A penetrometer generates force-displacement curves, which were used to derive two biomechanical properties: punch strength and work to crack initiation (Figure 4, Table 2). Punch strength is the maximum force needed to initiate a crack in the leaf surface [12] (Figure 4A, and Table 2), which could be a relevant measure with respect to the feeding of sap-sucking herbivores, as well as for chewers, because each must first initiate a crack in the leaf surface in order to access and consume plant materials beneath. Because work to punch (Figure 4B) would seem to overestimate the energy required during a feeding bout for sap-sucking herbivores (but not for chewers), a new property was derived that represents the work needed to initiate a fracture in the leaf surface, aptly named ‘work to crack initiation’ (Figure 4C, and Table 2). Our derivation assumes that work to punch can be viewed as a composite measure of two events, work to crack initiation and work needed to propagate the crack through the leaf (Figure 4C,D and Table 2).

Table 2

Leaf biomechanical properties, their derivation, and the herbivore feeding guild potentially affected.
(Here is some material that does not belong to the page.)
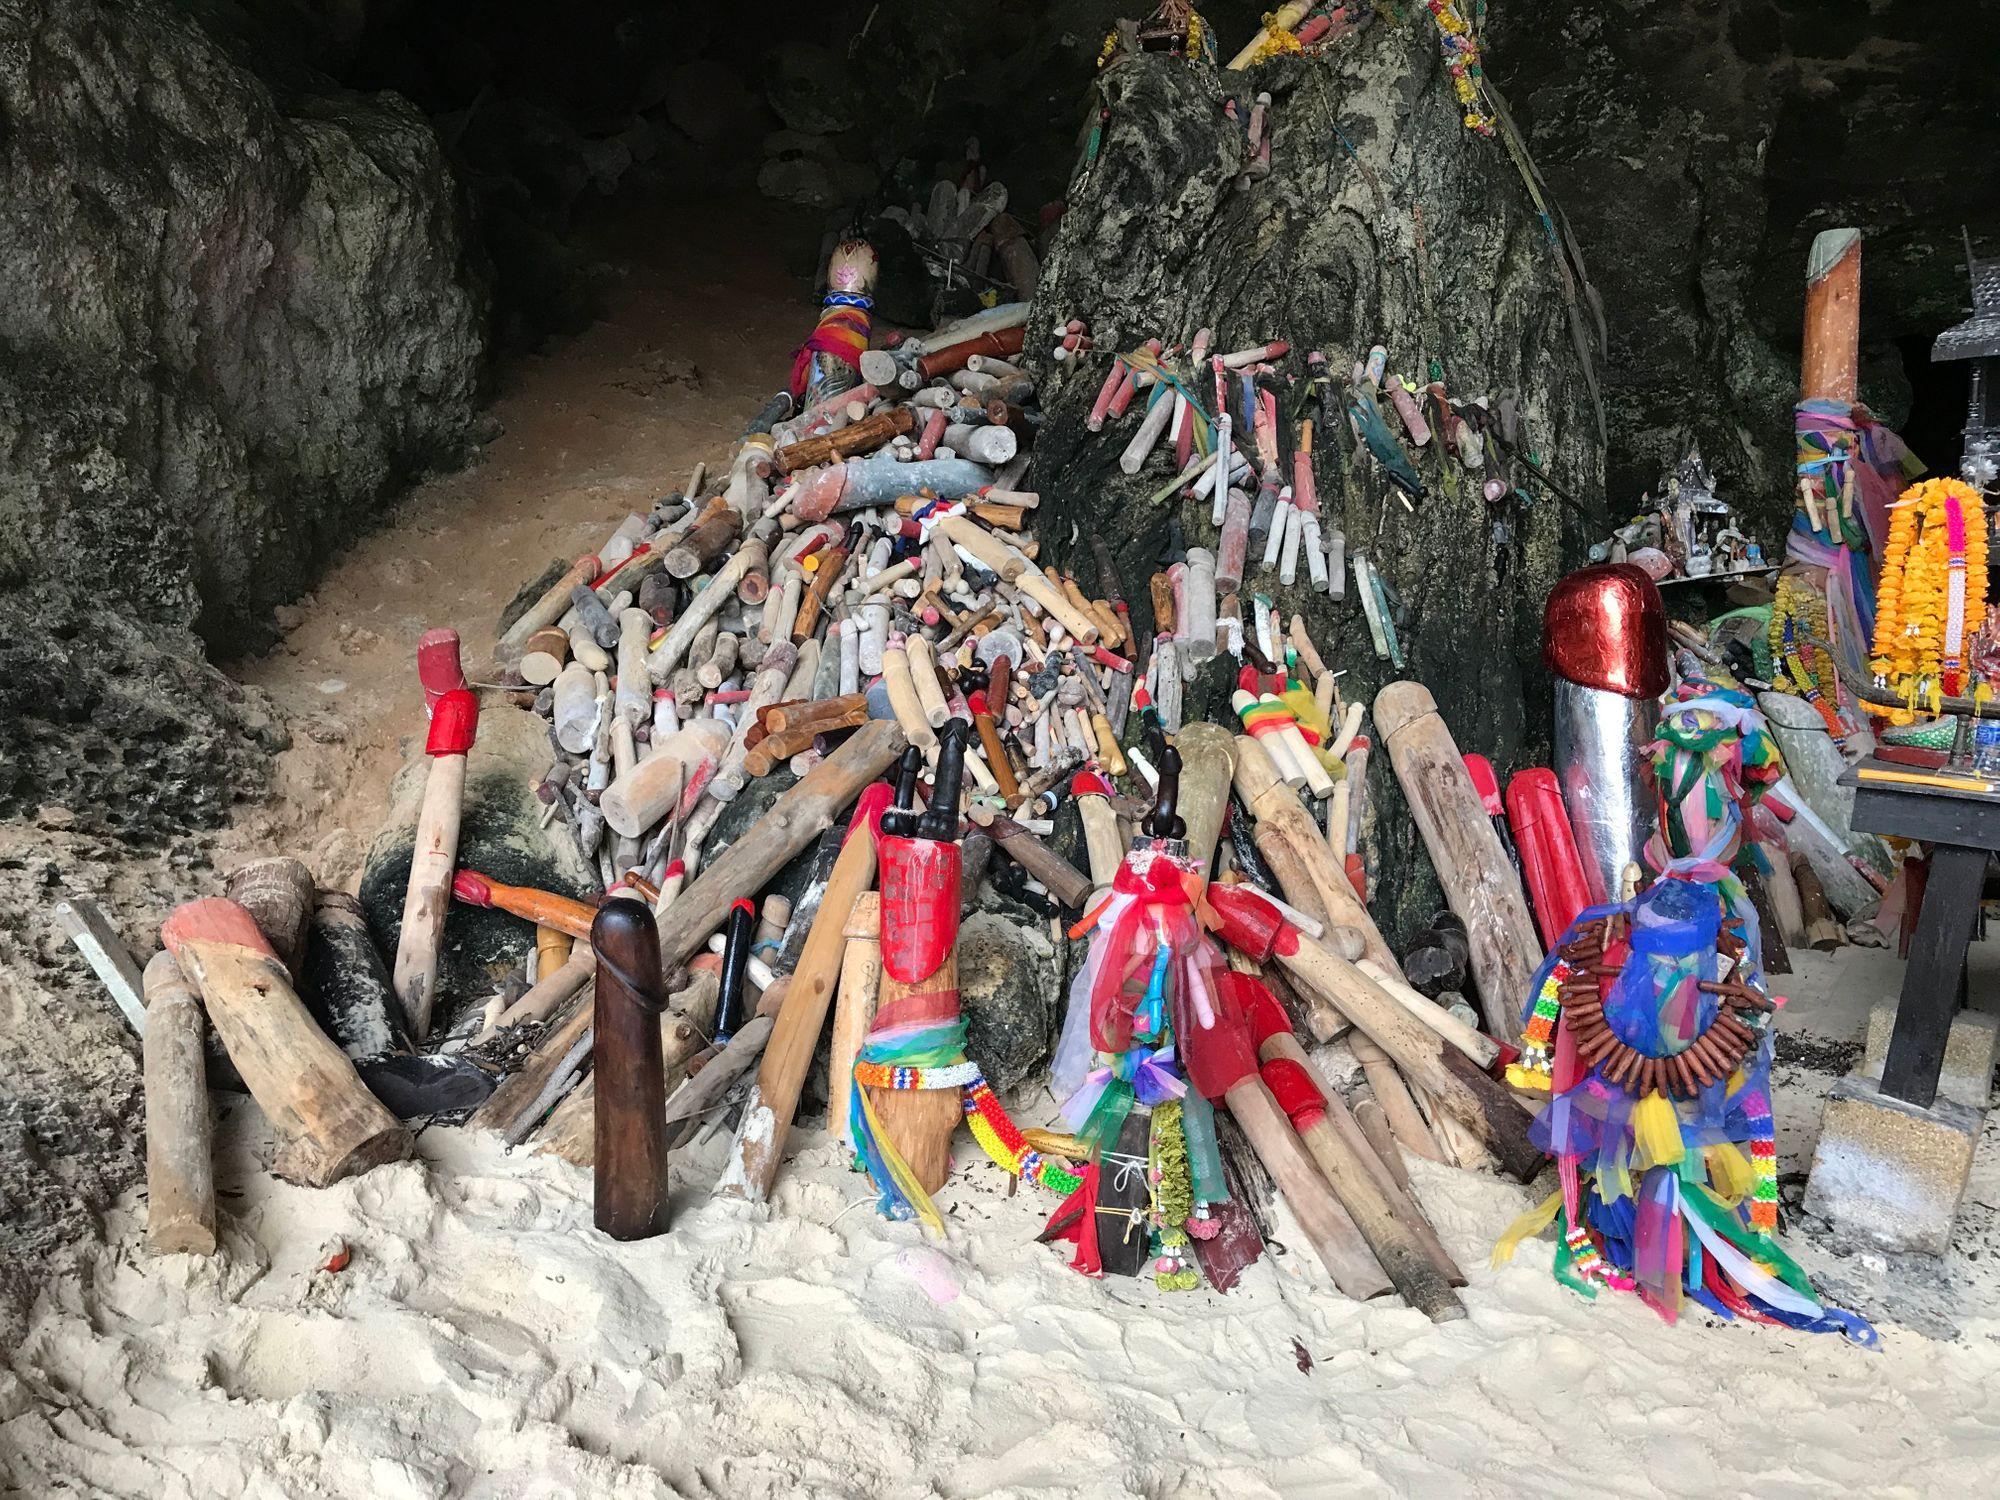 La cueva de la diosa o la fertilidad. También conocida como la cueva de los penes.

Leaf biomechanical property	Calculation	Herbivore feeding guild potentially affected
Punch strength (Figure 1A)	(F max -F b)/A	Piercing-sucking and chewing
Work to punch (Figure 1B)	∫ [(F x-F b)D x]/A	Chewing
Work to crack initiation (Figure 1C)	∫ [(F y-F b)D y]/A	Piercing-sucking and chewing

F , maximum force (N); F , force needed to flatten the cotyledon against the die; A, area of punch (m2); F , force and D , displacement (mm) at any point, x, between initiation of leaf compression and complete fracture of cotyledon; F , force and D , displacement at any point, y, between initiation of leaf compression and the maximum force (F ).

The leaf biomechanical assay was a full factorial design with plant genotype (V07 and Atlas) and leaf surface (under-surface vs upper-surface) as treatments (n =23-30 replicates for each treatment combination, each trial). In general, normality could not be achieved and therefore a generalized linear model error was generated with a quasipoisson error structure due to over dispersion. The model was analyzed with a Chi square test to determine the effects of plant genotype, leaf surface, and trial on punch strength and work to crack initiation [17].